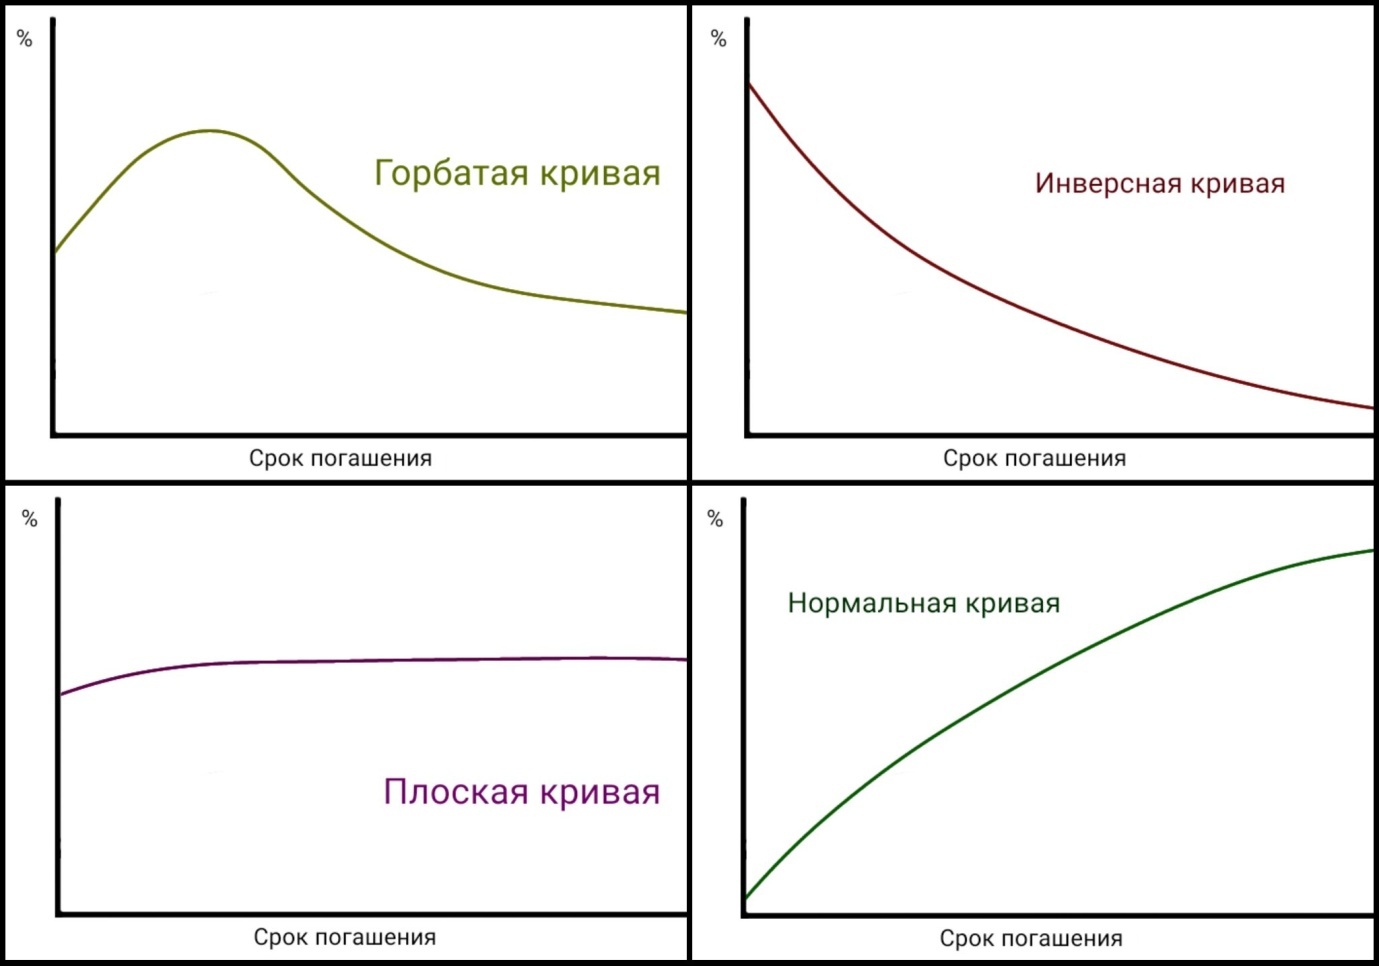 Типы кривой, каждая из которых соответствует определённой экономической ситуации
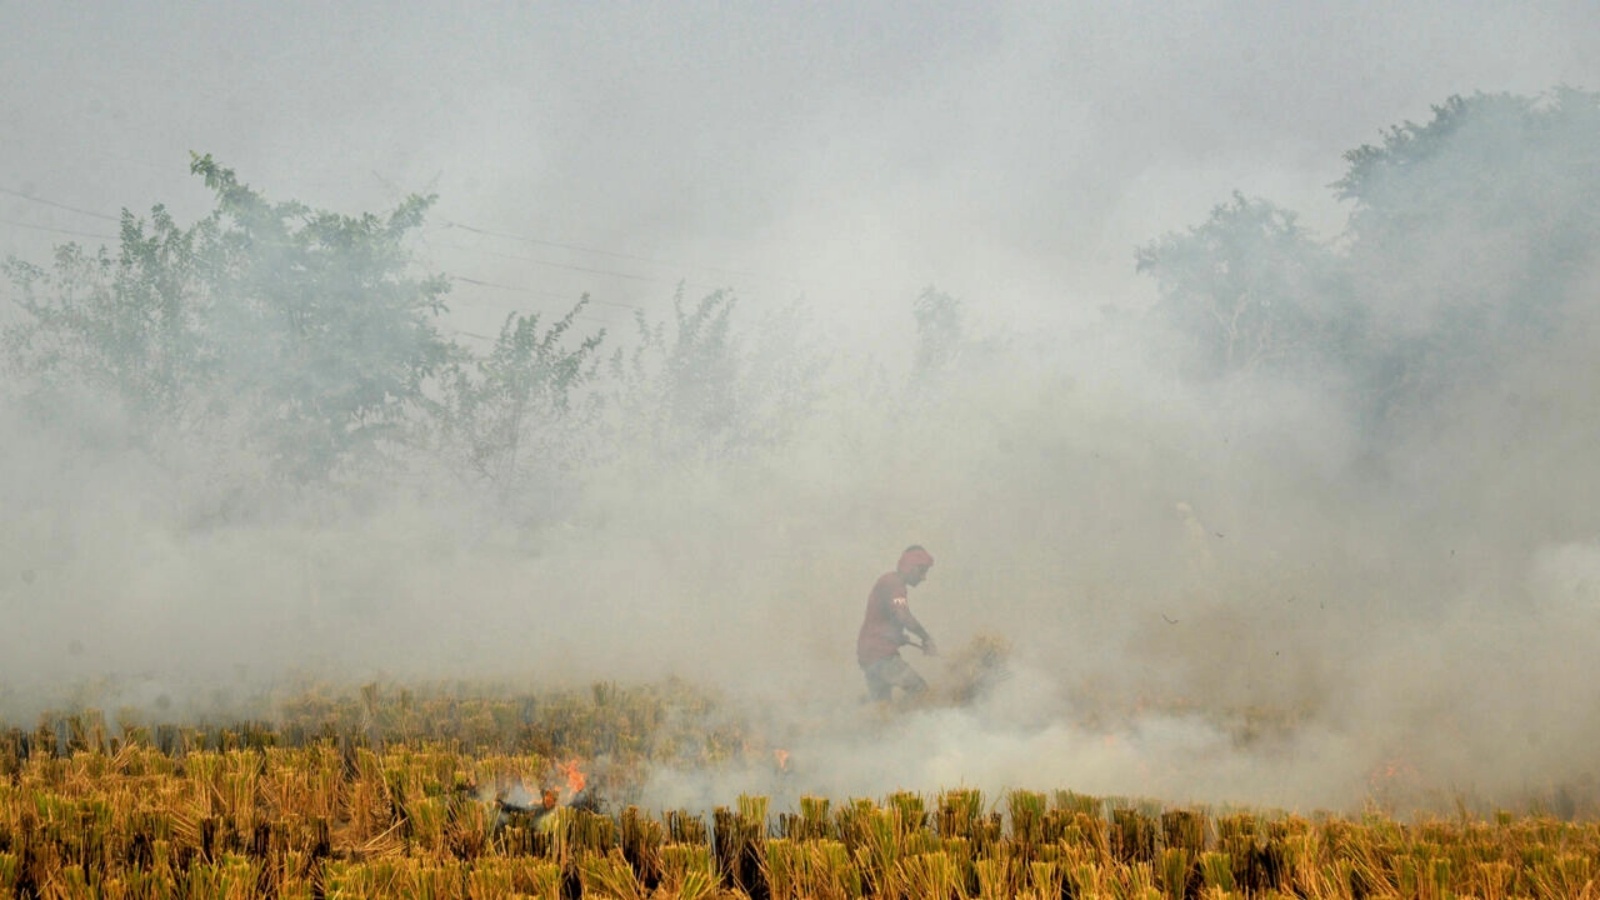 يتم حرق حقول الأرز بعد الحصاد في شمال الهند كل عام
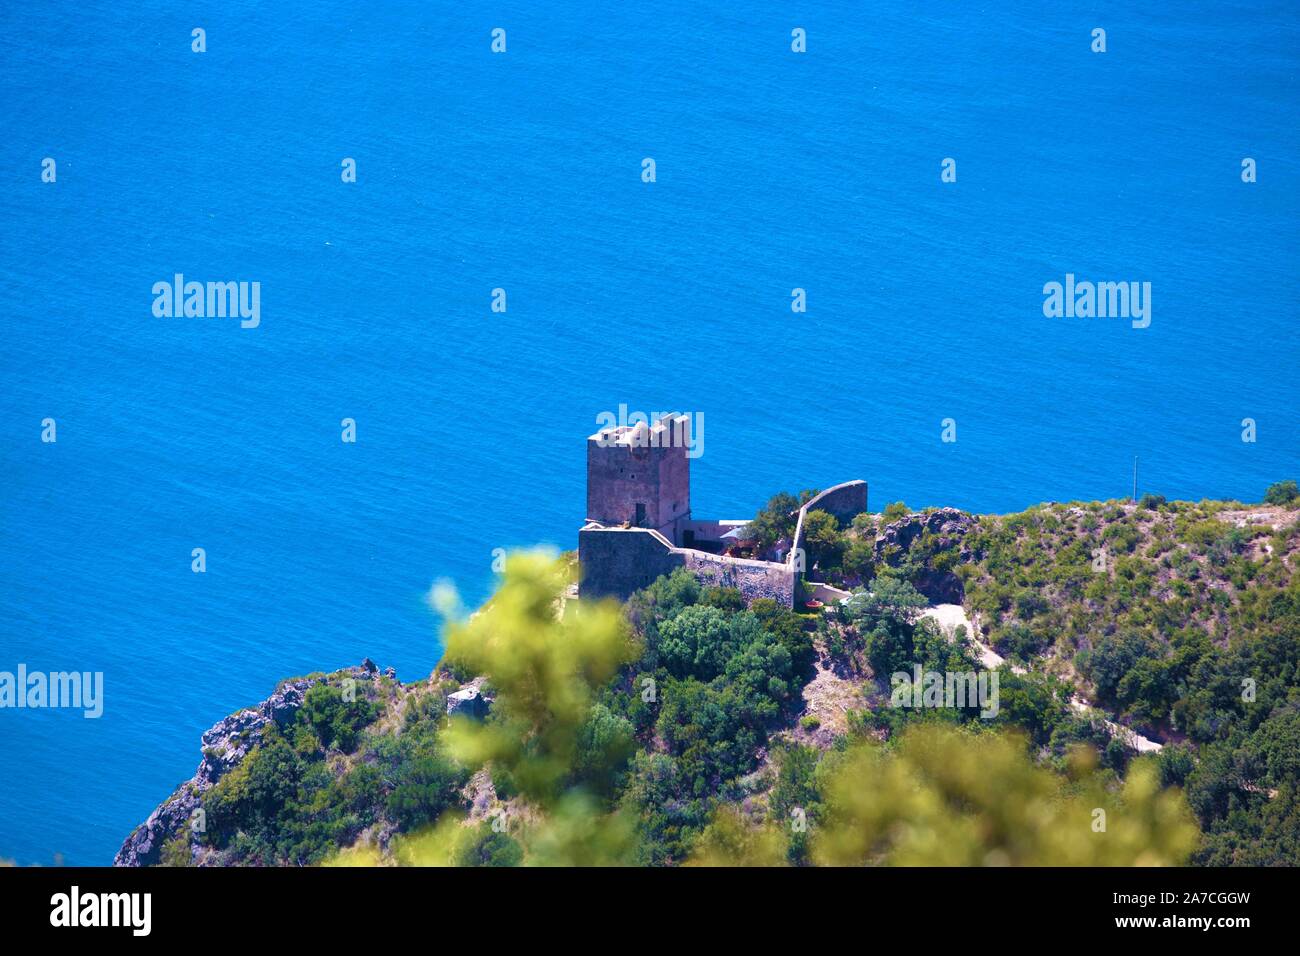 Blick von der im Thyrrenischen Meer liegenden Halbinsel Monte Argentario über Olivenbäume, Zypressen, Mohnblumen auf das Mittelmeer vor der Toskana. D Stock Photo
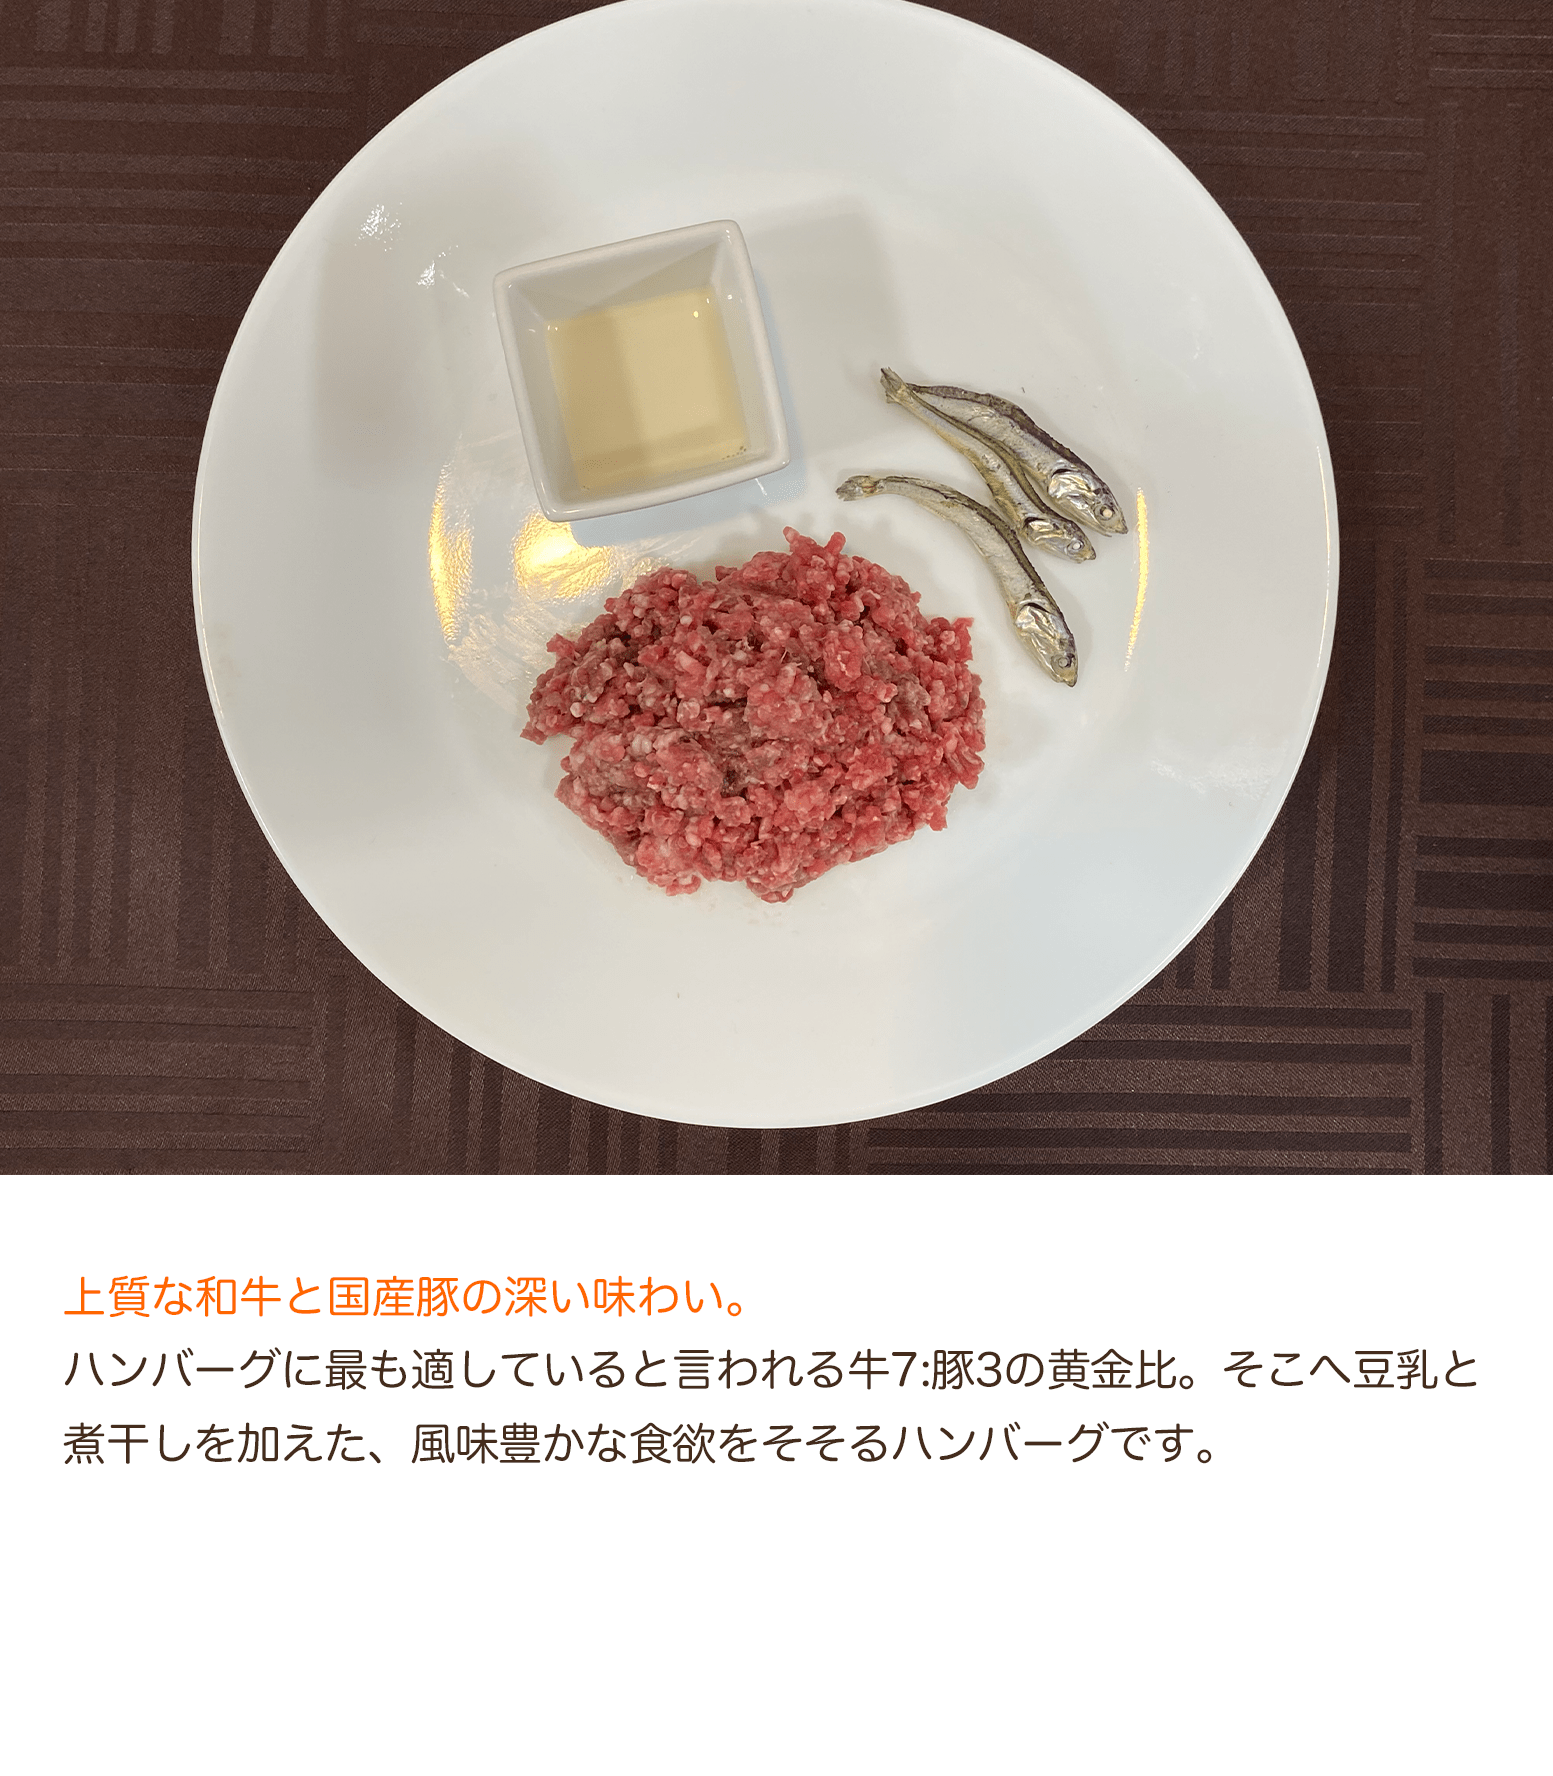 【定期購入】豆乳仕立ての特製チーズハンバーグ(5個セット)
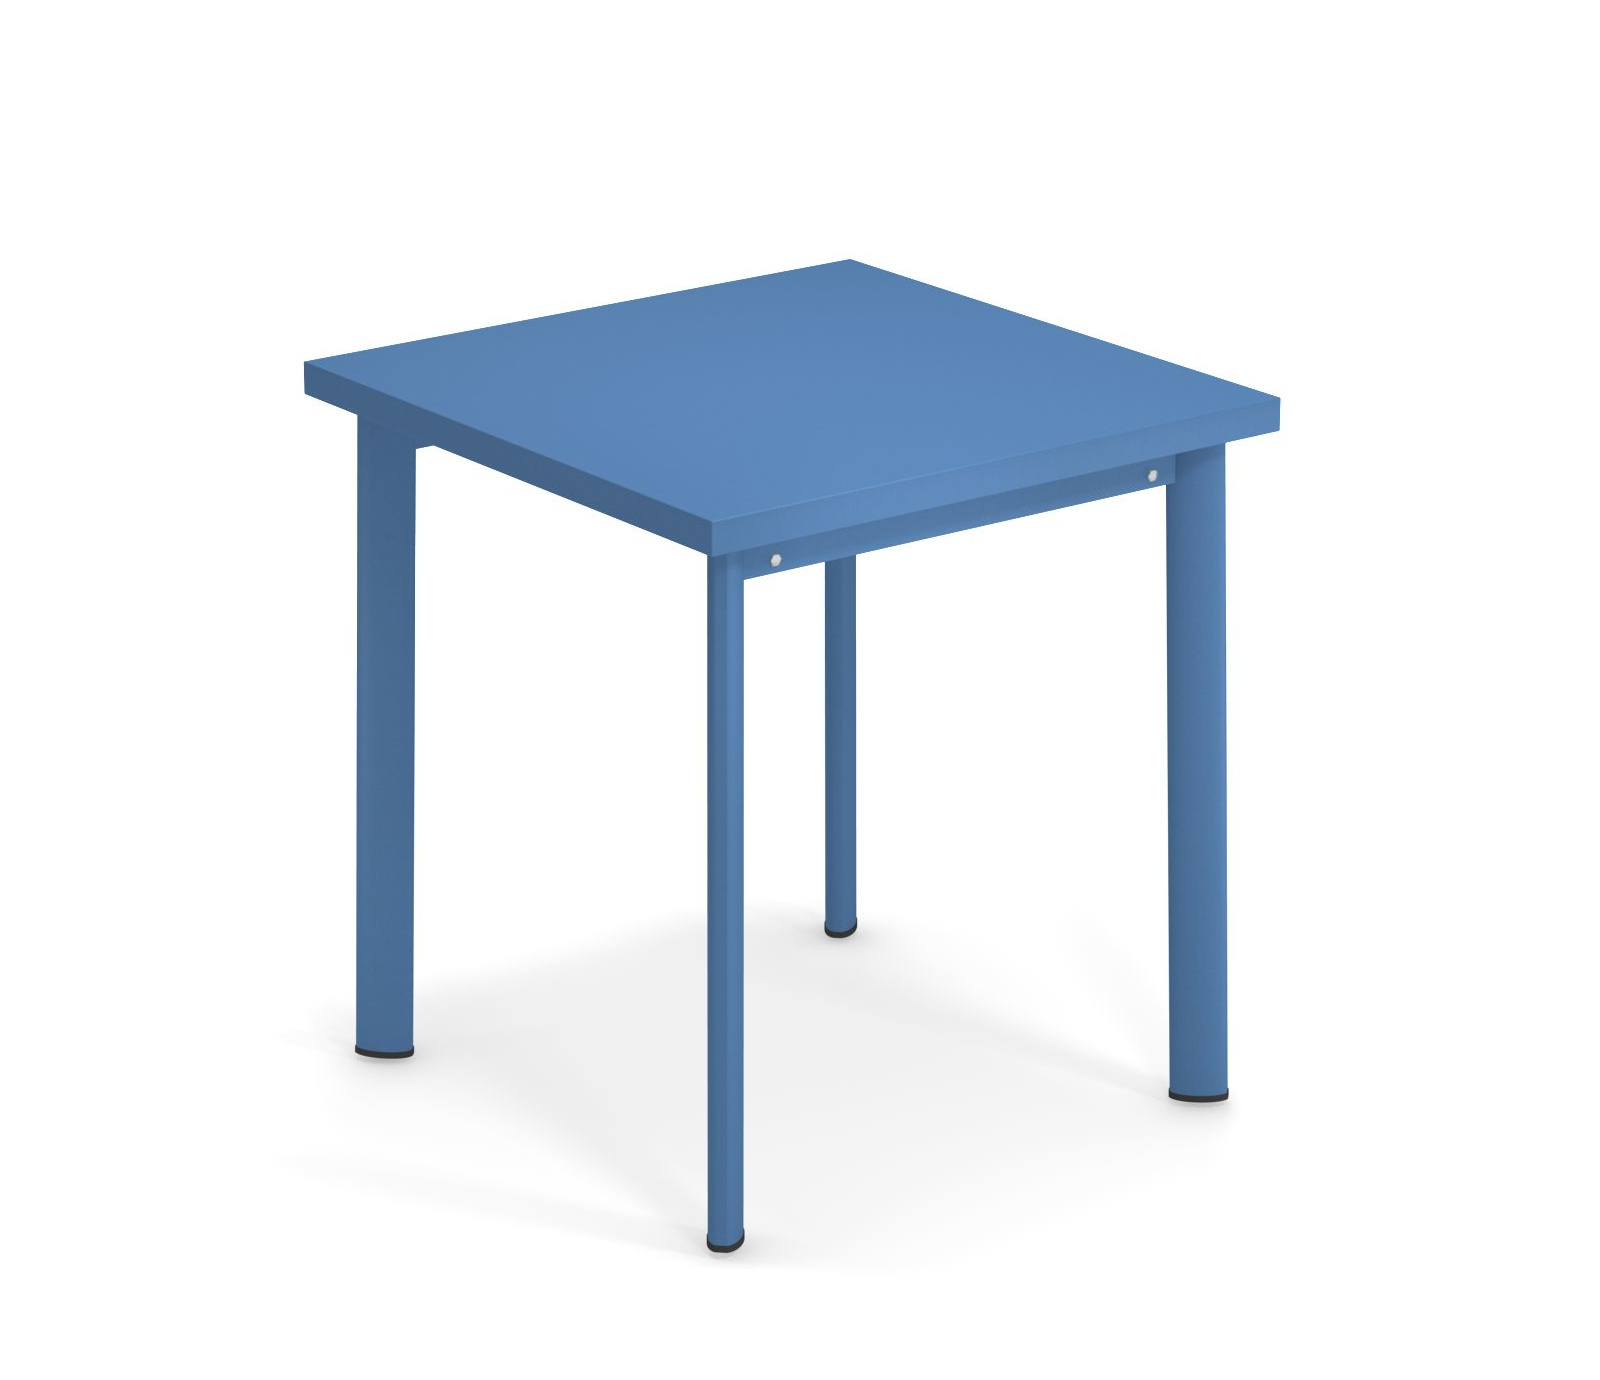 Star Tisch, 70 x 70 cm, marineblau

******

| Task directions |
The expected output is the full material above, word for word, without pictures.

| Exercise result |
 Типы кривой, каждая из которых соответствует определённой экономической ситуации
 يتم حرق حقول الأرز بعد الحصاد في شمال الهند كل عام
 Blick von der im Thyrrenischen Meer liegenden Halbinsel Monte Argentario über Olivenbäume, Zypressen, Mohnblumen auf das Mittelmeer vor der Toskana. D Stock Photo
 【定期購入】豆乳仕立ての特製チーズハンバーグ(5個セット)
 Star Tisch, 70 x 70 cm, marineblau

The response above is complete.